I have always been careful never to challenge the freedom of others and even more so when it comes to novelists; in other words, the creators of universes and inventors of life paths. So, there is no question of literature here. It is about outrageous revisionism. I am not talking about literature because, in fiction, the freedom and fulfillment of the author are at stake: like the dreams in Shakespeare’s “The Tempest,” fiction has its own fabric, vital to the novelist.

Sansal, a novelist, has established himself in his own category. But by becoming a historian without having the required knowledge or rigor and a political scientist without having the analytical finesse, he has joined another category: he has just discovered the virtues of negationism, which he had already practiced in favor of Israel after a stay as a guest of honor. Is it this impunity granted to Israel, this election “apart from the nations” that he defends by denying the colonial fact? In his opinion, in the “Promised Land” there is no need to talk about the colonization of Palestine.

As for his accomplice, Daoud, if some Algerians are angry with him, it is quite simply because, in his prize-winning novel, he is said to have acted courageously, shamelessly asserting: “The war is against me, for having broken a taboo.” A statement shamelessly taken up as an argument of authority by his publisher, while other Algerians had, long before Daoud, published a dozen stories and novels on the same subject without being censored or vilified.

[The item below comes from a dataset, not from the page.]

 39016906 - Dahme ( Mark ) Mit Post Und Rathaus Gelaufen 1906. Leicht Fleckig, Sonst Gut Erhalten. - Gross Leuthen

To name a few: Abdelkrim Djaad, Arezki Mellal, Aissa Khelladi, Yasmina Khadra, Djemaila Benhabib and Abdallah Aggoune.

The connection between the two writers does not end there. Applying Sansal’s theorem (“There’s no need to talk about colonization in Israel”), Daoud adds: “Palestine is not my problem.” How can you expect such Pygmalions not to be praised by the media of a country in full decline, completely submissive to the eleventh commandment: “Israel has the right to defend itself?” And it is not the 2024 Goncourt Prize winner who will be able to deny this. He, in a moment of frankness that does him credit, tells you: “I don’t like the so-called left-wing intellectual, the poor one with big ideas, the writer who dies of tuberculosis in an unpaid-for hotel room. Me, I came here to win, to be the first, to win prizes, to be admired.”

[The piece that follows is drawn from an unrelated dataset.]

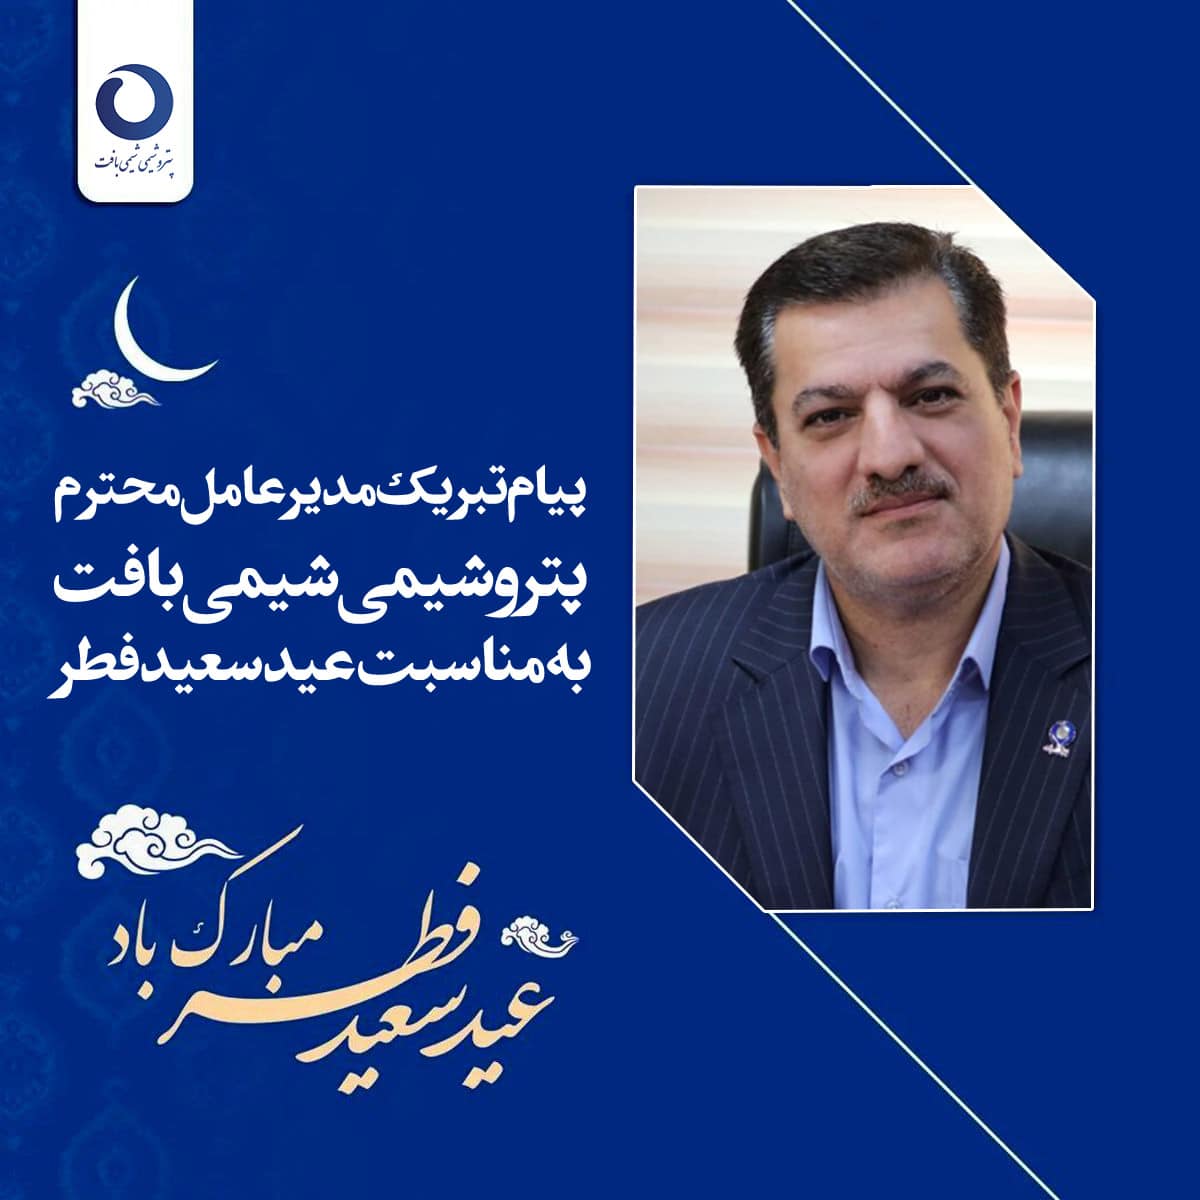 پیام تبریک مدیرعامل محترم به مناسبت عید سعید فطر

Both Sansal and Daoud, promoted to directors of conscience of the French extreme right, knew what they had to say and write. But literature deserves neither fatwa nor imprisonment. A writer is only responsible for his or her positions in reality and, like any other citizen, in a situation where public order is undermined. In this case, Sansal did not deserve to be imprisoned and the Algerian authorities’ decision was reactionary. And any reactionary decision by any government is counterproductive, because it reveals a lack of self-confidence in its foundations.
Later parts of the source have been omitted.